Computer system 600 may be coupled via I/O subsystem 602 to at least one output device 612. In one embodiment, output device 612 is a digital computer display. Examples of a display that may be used in various embodiments include a touchscreen display, a light-emitting diode (LED) display, a liquid crystal display (LCD), or an e-paper display. Computer system 600 may include other type(s) of output devices 612, alternatively or in addition to a display device. Examples of other output devices 612 include printers, ticket printers, plotters, projectors, sound cards or video cards, speakers, buzzers or piezoelectric devices or other audible devices, lamps or LED or LCD indicators, haptic devices, actuators or servos.
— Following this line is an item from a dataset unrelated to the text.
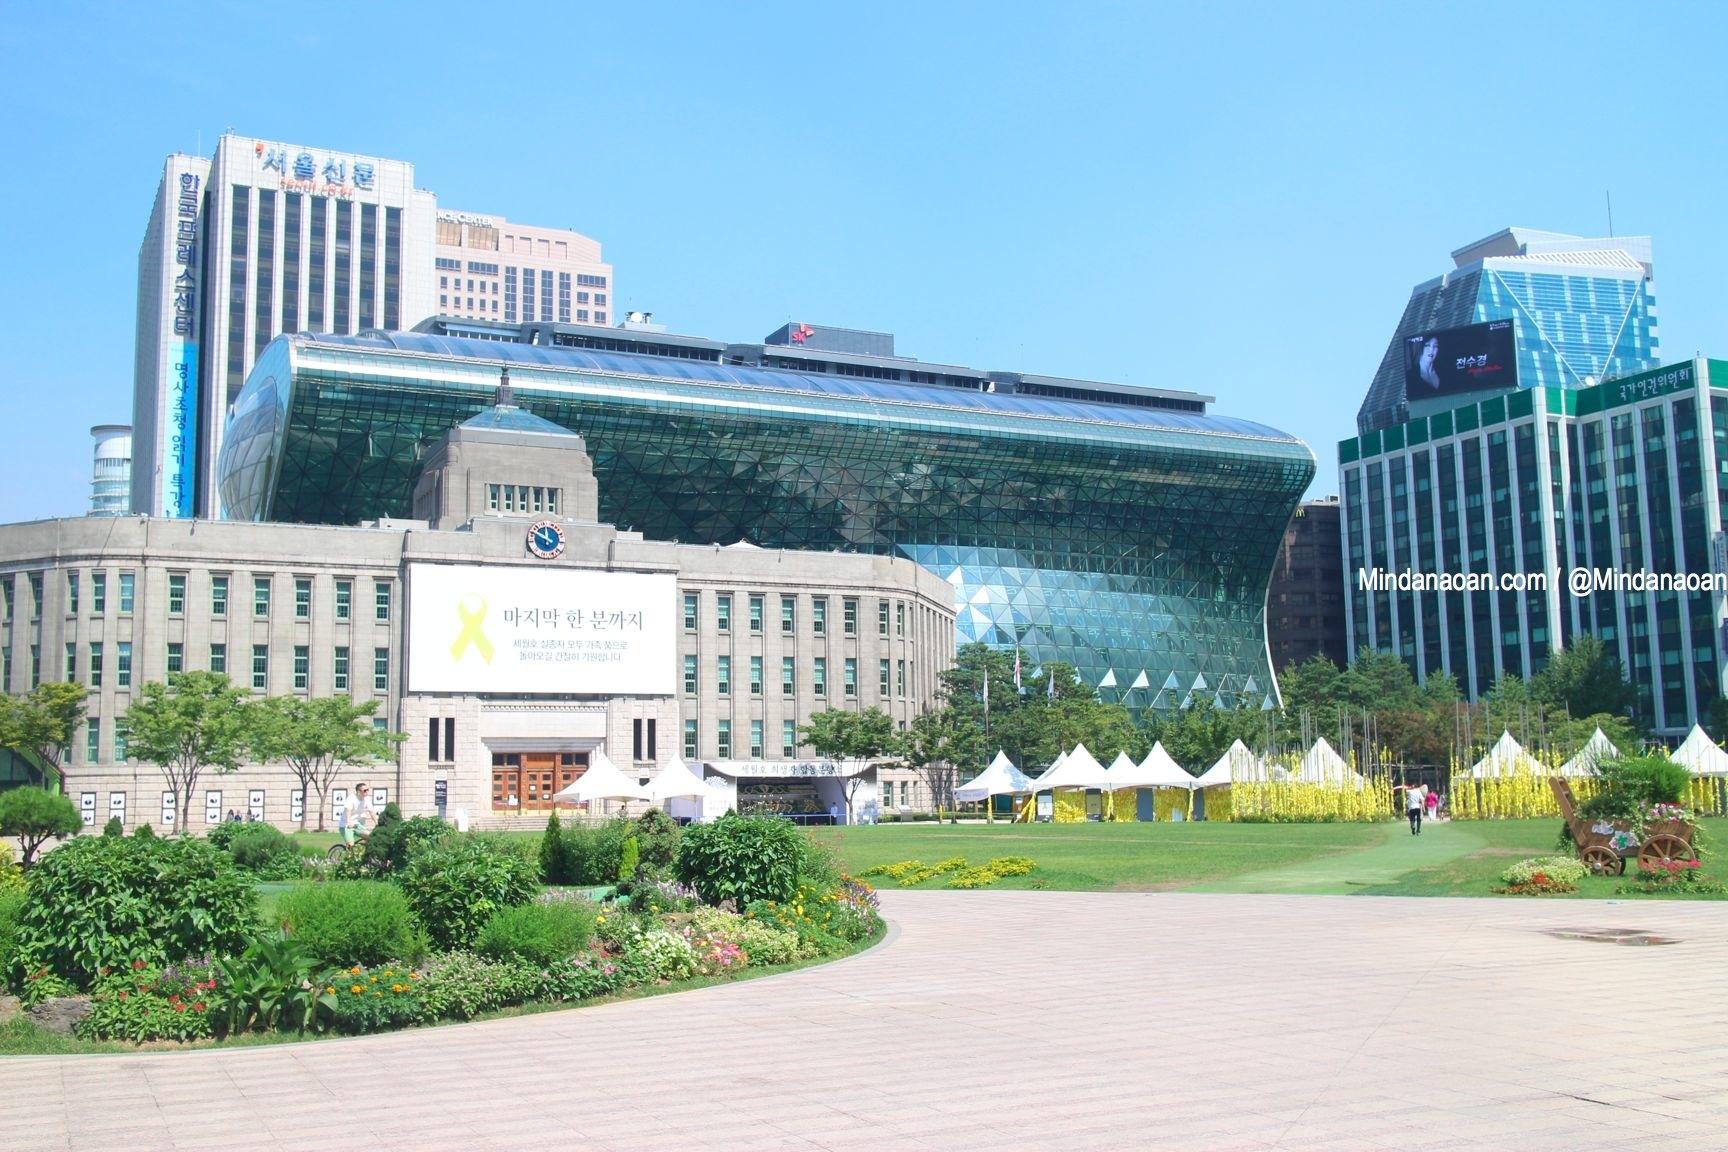 seoul-korea-city-hall

At least one input device 614 is coupled to I/O subsystem 602 for communicating signals, data, command selections, or gestures to processor 604. Examples of input devices 614 include touch screens, microphones, still and video digital cameras, alphanumeric and other keys, keypads, keyboards, graphics tablets, image scanners, joysticks, clocks, switches, buttons, dials, slides, and/or various types of sensors such as force sensors, motion sensors, heat sensors, accelerometers, gyroscopes, and inertial measurement unit (IMU) sensors and/or various types of transceivers such as wireless, such as cellular or Wi-Fi, radio frequency (RF) or infrared (IR) transceivers and Global Positioning System (GPS) transceivers.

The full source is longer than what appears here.